これによると、日本の1人当たりGDPは2027年に韓国に、2028年に台湾に抜かれる可能性があると報告されました。即ち、韓国と台湾の1人当たりGDPがそれぞれ年6.0%、8.4%伸びるのに対して、日本は2.0%の伸びに留まり、6~7年後には4万5,000米ドル水準で追い付かれるとの予測が示されたのであります。2020年時点で日本の1人当たりGDPは3万9,890米ドルと、韓国より25%、台湾より42%多く、また1986年には日本は韓国の6.2倍、台湾の4.4倍に達していました。これからすると、日本は韓国、台湾に既にかなりキャッチアップされていることを意味します。同センターは、「日本の1人当たりGDPは2007年にシンガポール、2014年には香港に追い付かれた。
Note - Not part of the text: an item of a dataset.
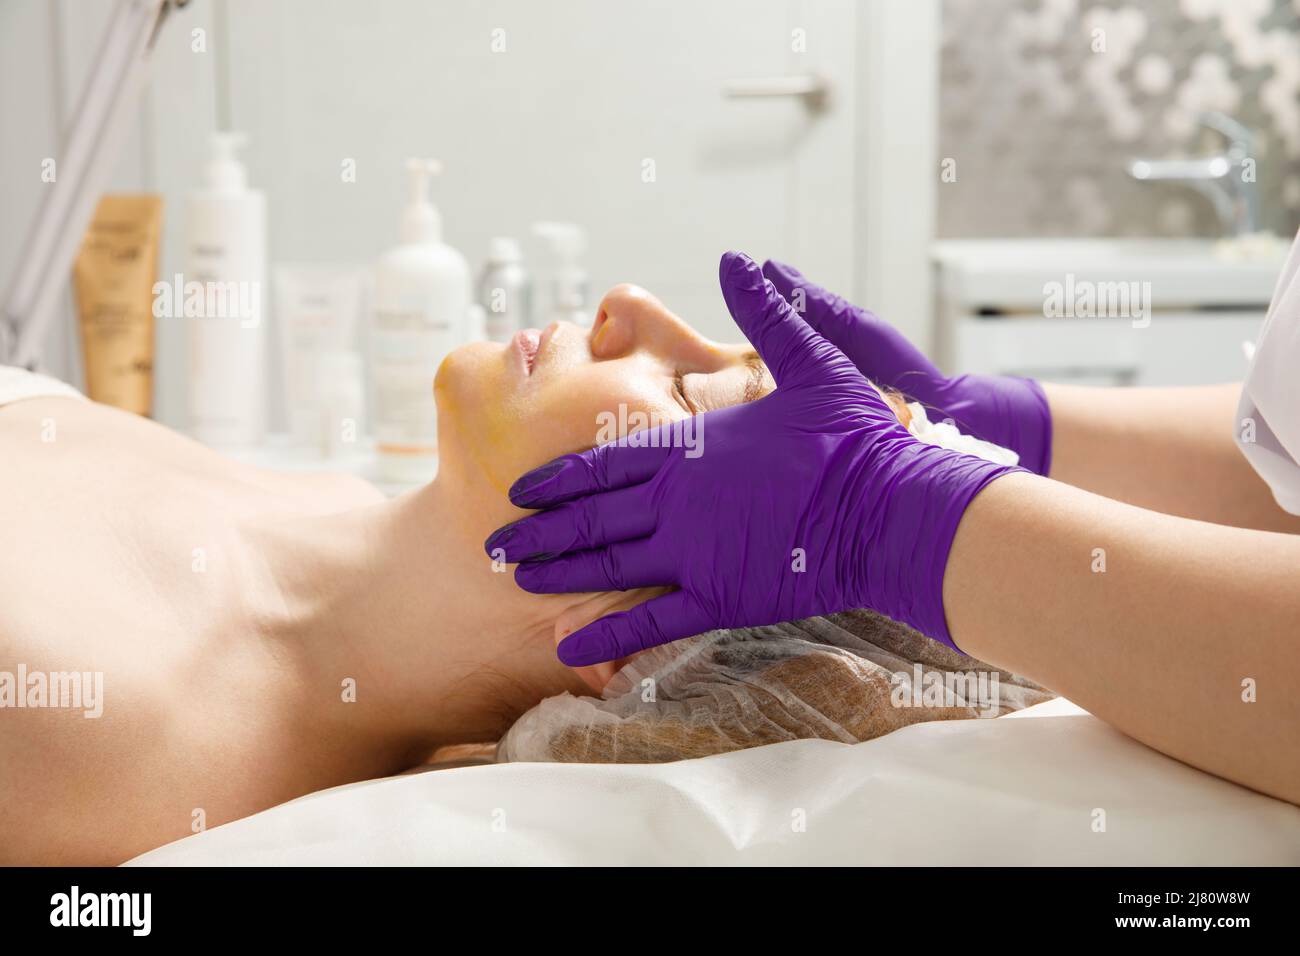 A woman gets a facial massage at a cosmetology clinic. Stock Photo
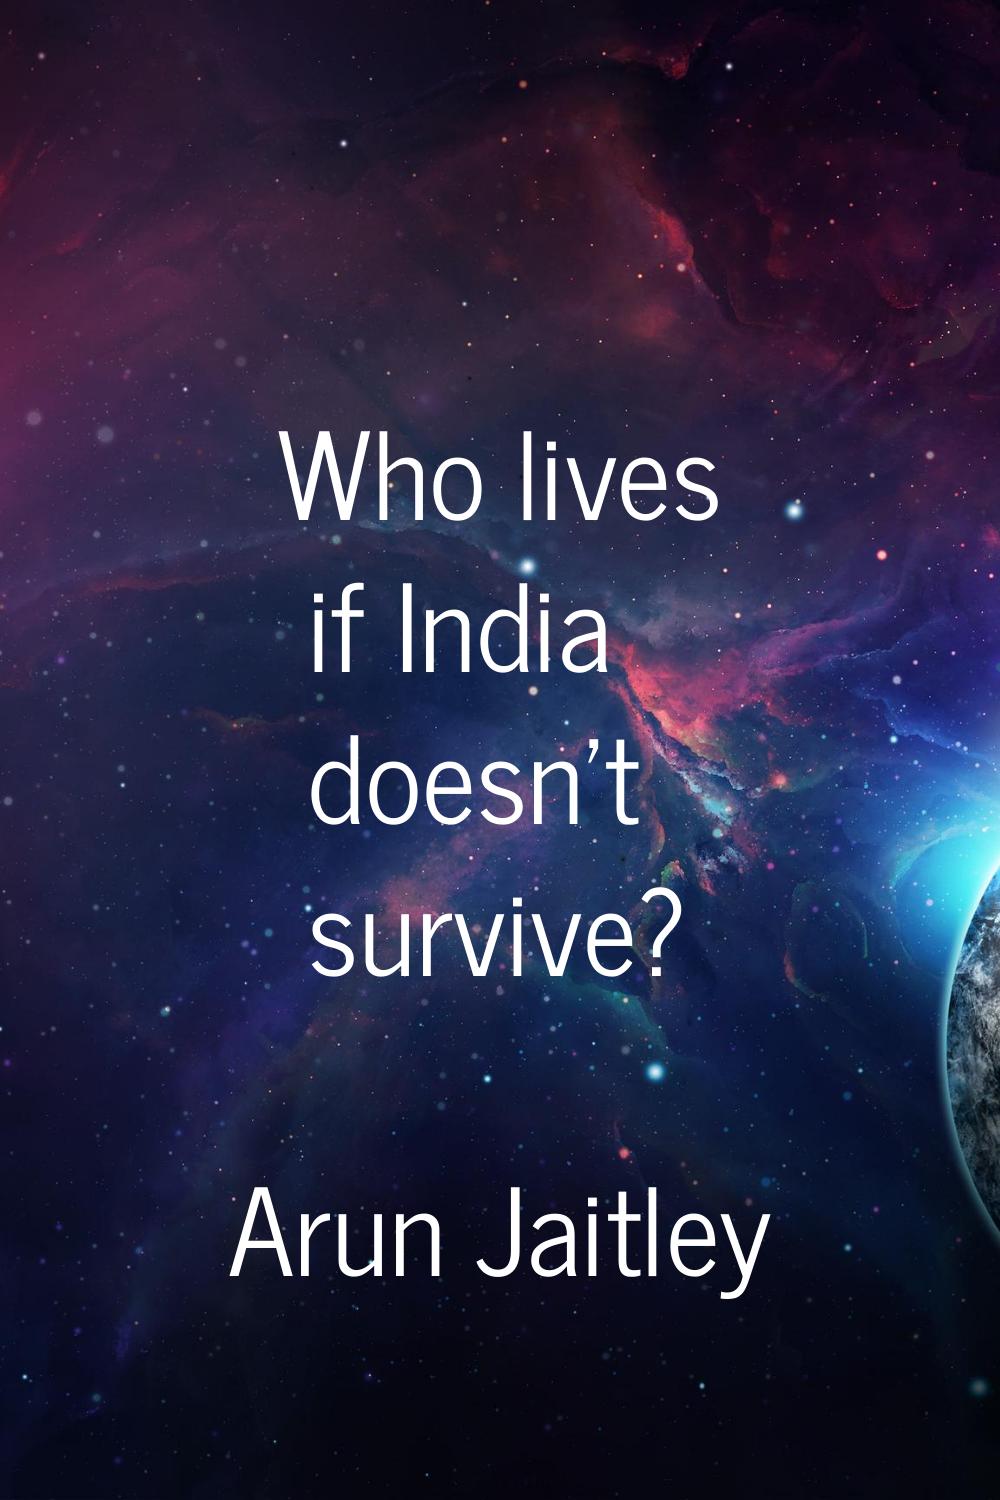 Who lives if India doesn't survive?

こうした指標は日本経済の停滞状態を示している。」と指摘しています。そしてその逆転現象の背景として、「労働生産性の上昇率の違い」を挙げました。
2020~2030年に韓国と台湾の労働生産性の伸びは1人当たりGDPを4ポイント以上押し上げるが、日本は2ポイント以下に留まると予想し、労働生産性が伸び悩む理由としては、デジタルトランスフォーメーション(DX)の失敗が指摘されています。一方、同センターは国家全体の経済規模を示す名目GDPで中国本土が2033年に米国を抜くと予想しています。昨年には米中のGDP逆転を2029年と予想していましたが、その時期は4年後ずれする見込みであり、それは、中国本土が相次いで強硬な金融引き締めに動く一方、米国は積極的な財政政策で景気が急速に回復した為としています。
そして同センターの予測では、米国のGDPは中国本土に一旦抜かれるものの、2056年には再逆転する見込みであり、それは中国本土の民間企業規制が生産性の伸びを鈍化させ、長期的には高齢化と人口減少で成長不振に陥るとの理由からであるとしています。かなりの中長期見通しで前提条件が狂えば結果は随分と異なることとなりますが、私はこれを見て、「日本の労働生産性の低さは本当にDXの遅れか?」と疑問を持たざるを得ません。本質的には、「日本は、人は人しかできないことをし、機械が出来ることはもっと機会にさせるという機械化を進める。一方、人しかできなとことを人にさせるのでありますから、付加価値が高い、従ってそれを給与に反映する。」と言う形で労働生産性を挙げることが必要ではないかと考えています。いずれにしても、参考となるデータでありました。